• WORK TO BE COMPLETED: All pictures are to be omitted while the lines starting at the line with "Skyline di Sao" and ending at the line with "LED Panel Smart" in the material below are retyped exactly, both ends included.

(Beginning of AVAILABLE DATA)

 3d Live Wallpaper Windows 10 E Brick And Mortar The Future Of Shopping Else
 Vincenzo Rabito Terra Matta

(End of AVAILABLE DATA)
(Beginning of AVAILABLE DATA)

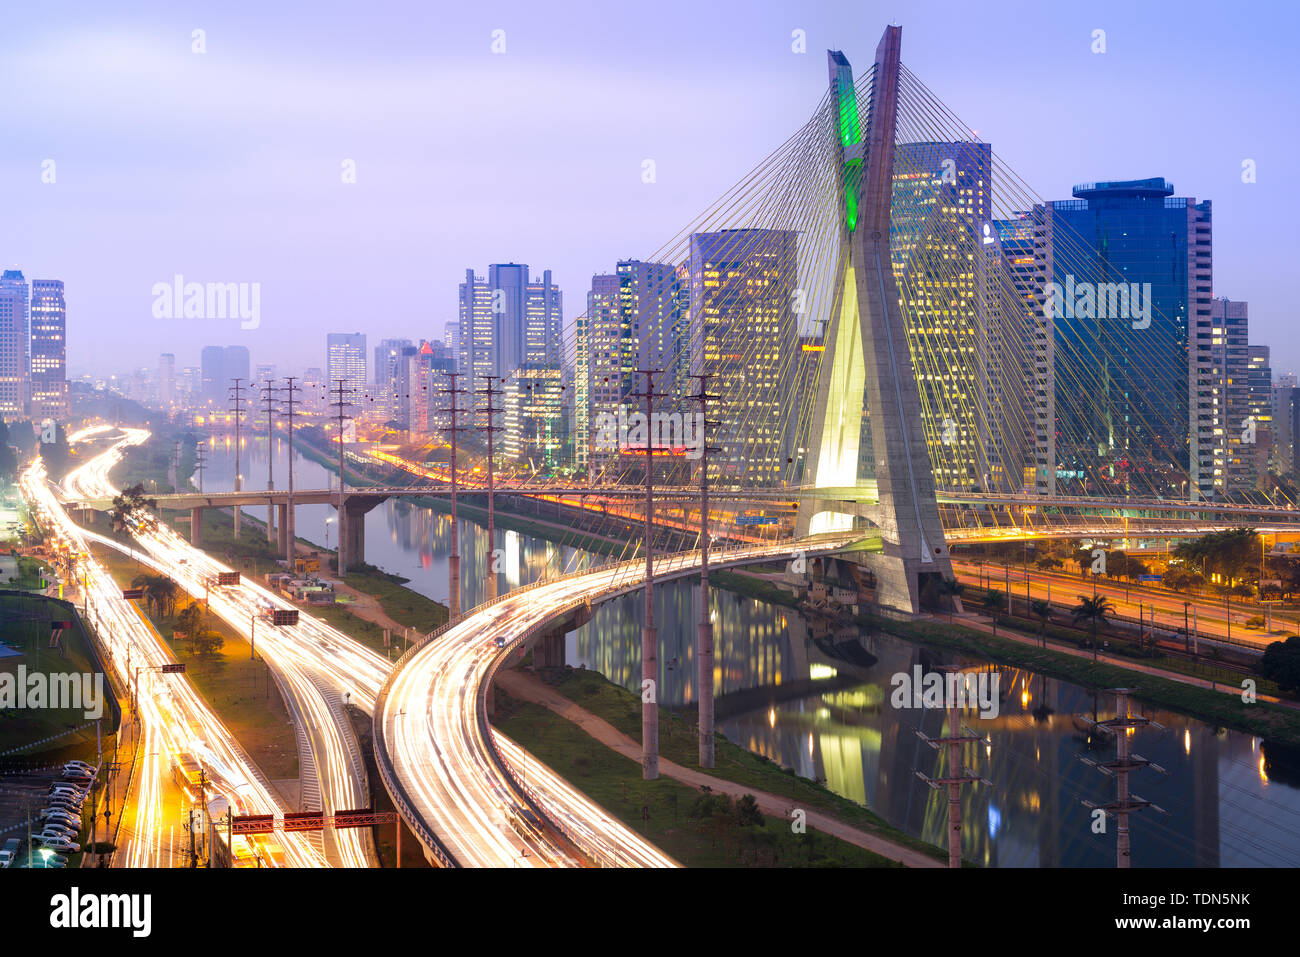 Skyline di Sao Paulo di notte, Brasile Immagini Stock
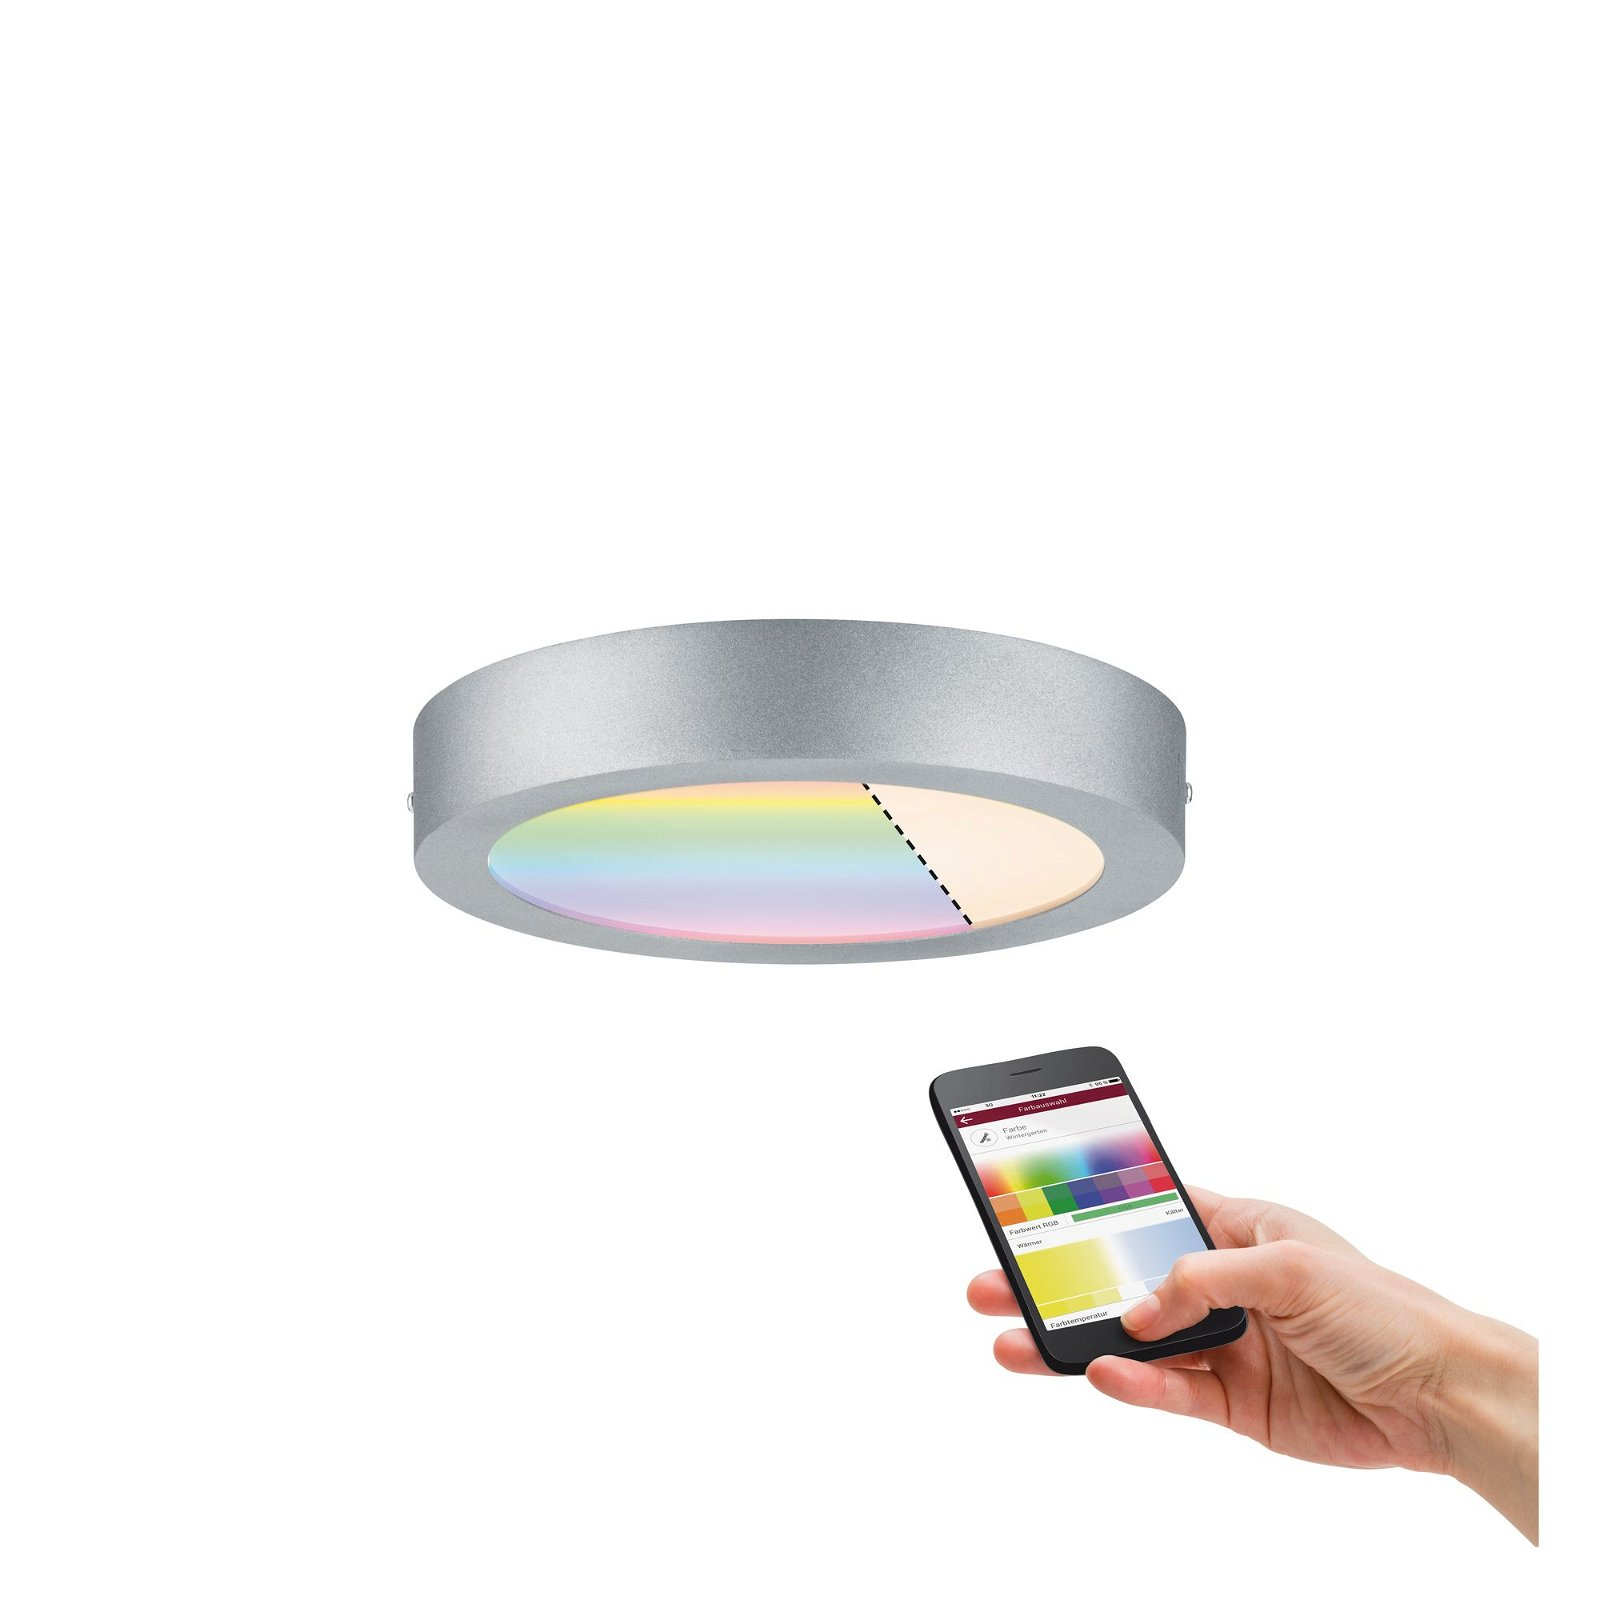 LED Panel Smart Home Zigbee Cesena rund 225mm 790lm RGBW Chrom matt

(End of AVAILABLE DATA)

• ANSWER SPACE:
 Skyline di Sao Paulo di notte, Brasile Immagini Stock
 LED Panel Smart Home Zigbee Cesena rund 225mm 790lm RGBW Chrom matt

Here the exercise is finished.